There are three types of clustering rules:

  • Match: Matches clusters with matching values for the specified attributes, such as a company_name. Match rules will not match clusters that contain only null or empty values for the specified attribute. If you specify more than one attribute in the rule, the rule is applied only if the values for both attributes are matching and non-null.
  • Split: Splits clusters that contain records with different, non-null values for the specific attributes. The rule splits the cluster so that each new cluster contains records with matching values for the attribute. If you specify more than one attribute in the rule, the rule is applied only if the values for both attributes are different and non-null.
  • Both: For the specified attributes, matches clusters with matching non-null values and splits clusters that contain records with different non-null values, following the logic in the bullets above.

Each rule is numbered. After the data product runs, the Applied Clustering Rules (clustering_metadata.applied_clustering_rules) attribute in the source records dataset provides the number assigned to any rules applied to the record.

Configuring Data Cleaning

Tamr automatically replaces specific, common bad values with null wherever it identifies an exact, case insensitive match in the mapped source record fields. See Automatically Cleaned Data Values for the values that are cleaned automatically.

Additionally, the data cleaning feature enables you to replace known bad values in your source data with null, when Tamr finds an exact, case insensitive match for an attribute value. This helps to ensure that these values are not used for matching or included in your golden records.

The values that you specify are replaced with null wherever they appear in the mapped data product schema. For example, you may want to remove values such as 555-5555, test, and so on.

Specify a value to be cleaned by selecting Add Value and then entering the exact string to be replaced with null. You can easily edit or delete values.

After running the data product, the null replacement values are included in the enhanced source records dataset and in the golden records (with the exception of address fields for which the original values are retained). See Publishing Data Products for more information about enhanced source records.

Configuring Address Standardization

In the Address Standardization section, you can:

  • Choose whether golden records include original the source address values or enhanced source values that have been validated and standardized by the address data quality services.
  • Choose whether to standardize country and state values to their ISO 3166 country and state codes.

Using Enhanced Source Record Address Values in Golden Records

The Use Address Enrichment Results in Golden Records option allows you to choose whether to use the original source values or enhanced source values for address fields in your golden records. Enhanced source values have been cleaned, validated, and standardized by the address data quality services.

This option is enabled by default.

Standardizing Country and State Values to ISO 3166 Codes

If you have enabled using address enrichment results in golden records, you can also choose to whether to standardize country and state names to two-character ISO 3166 codes.

Country codes are available for all countries; state codes are available only for the United States and Canada.
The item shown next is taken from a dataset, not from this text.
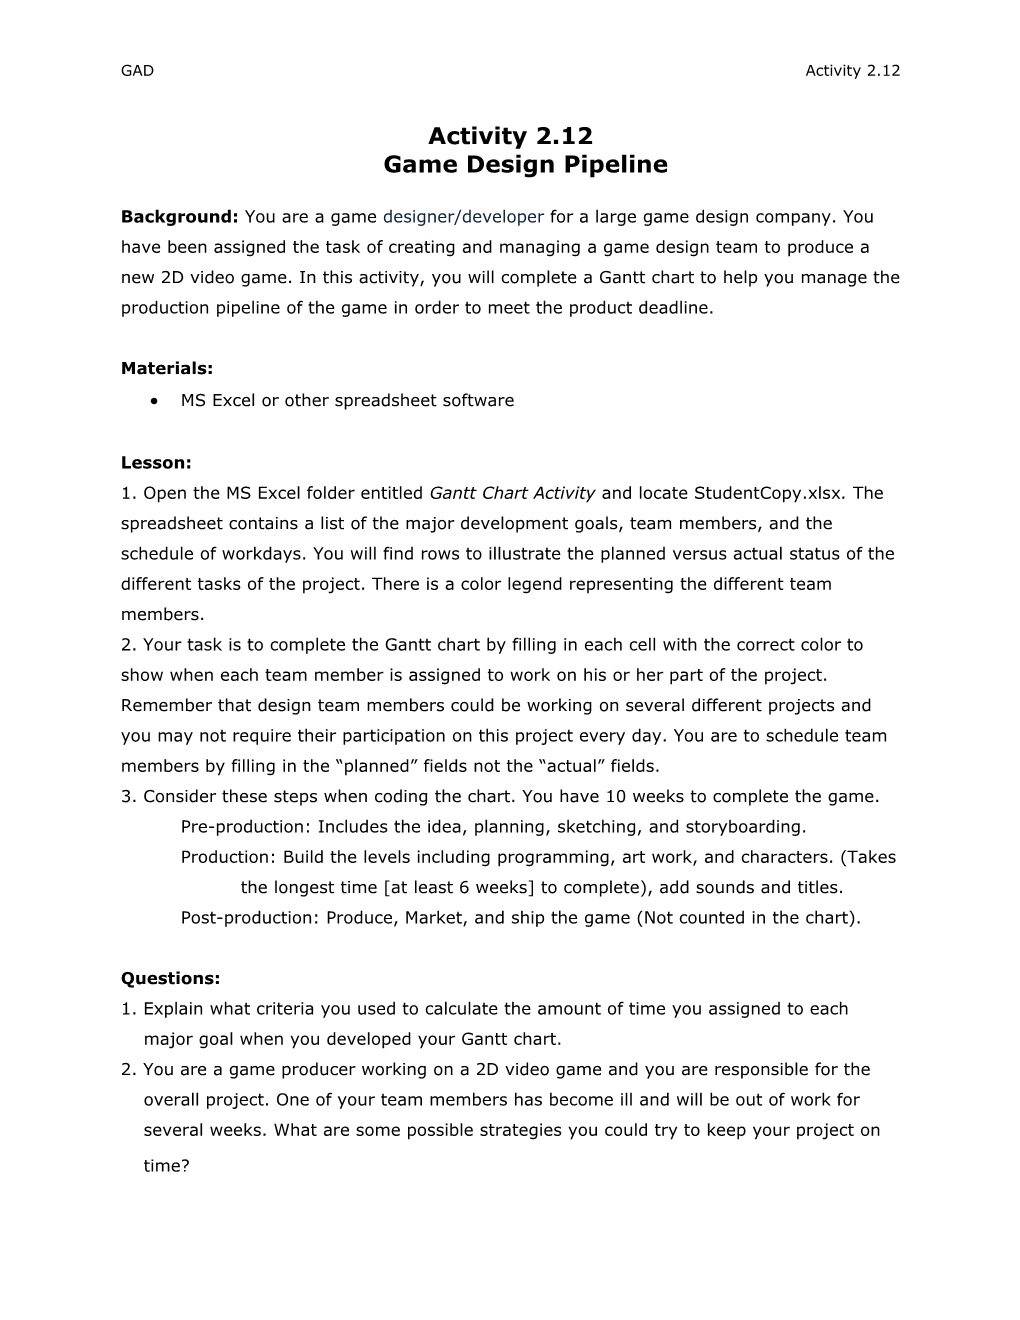 Game Design Pipeline
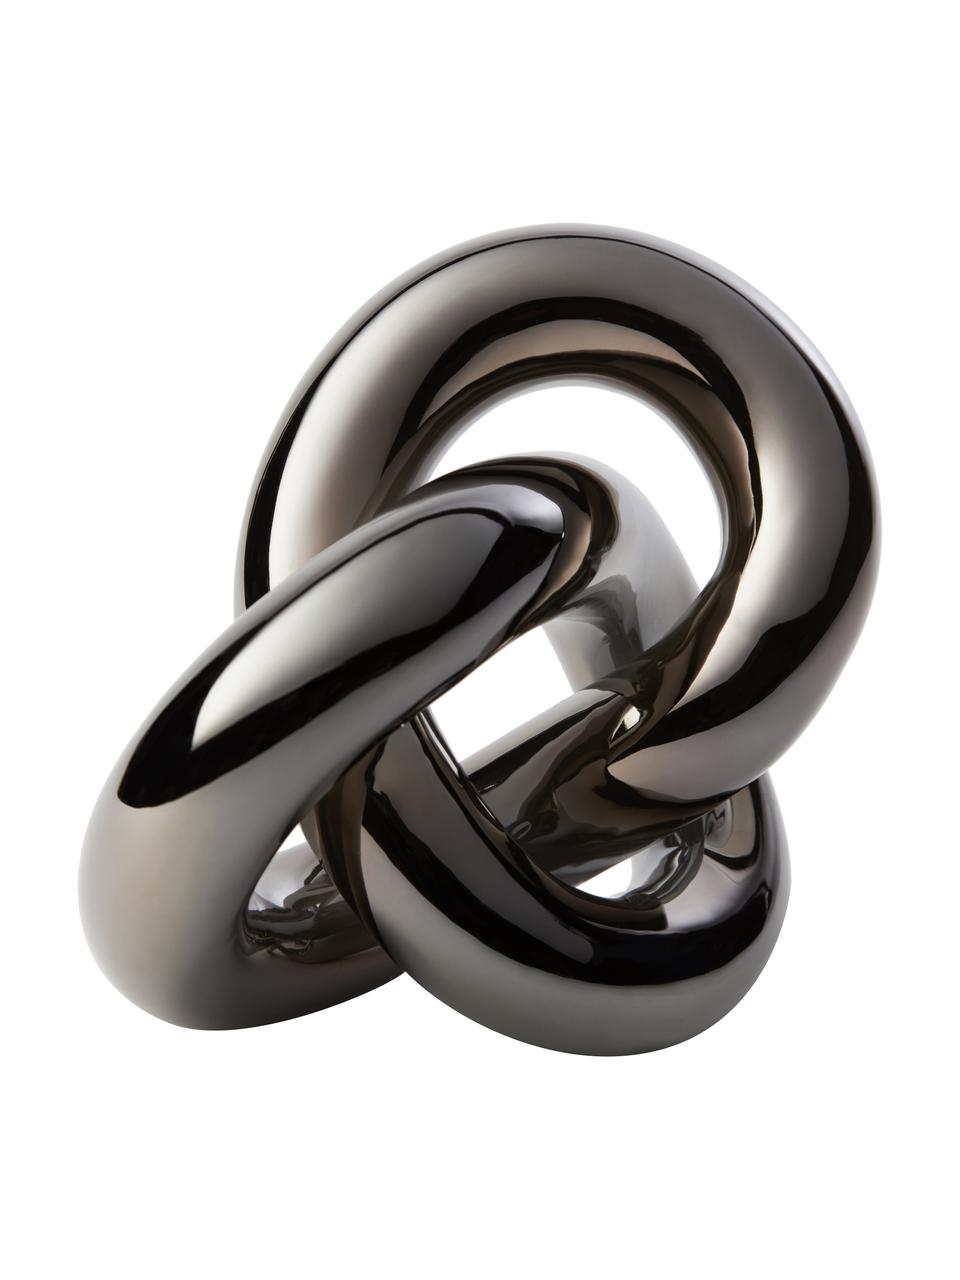 Deko-Objekt Knot aus Keramik in Silberfarben, Keramik, Nickelschwarz, glänzend, B 19 x H 9 cm

The country and state names must be spelled correctly in order to be standardized to the ISO 3166 code.

See the ISO 3166 reference for more details about these codes.

This option is enabled by default.

Running Your Data Product and Viewing Results

To run your data product and apply all enrichment, clustering, and record consolidation rules, scroll to the top of the page and in the top right corner, select Refresh Data. Below the Refresh Data button, you can see the last time your results were refreshed.

To view your results, go to the Entities page, or go to Insights to see key metrics.

Configuring Your Data Product for Tamr RealTime

If you are using the Tamr RealTime offering with this data product, see About Tamr RealTime for instructions on configuring the data product for real-time use cases.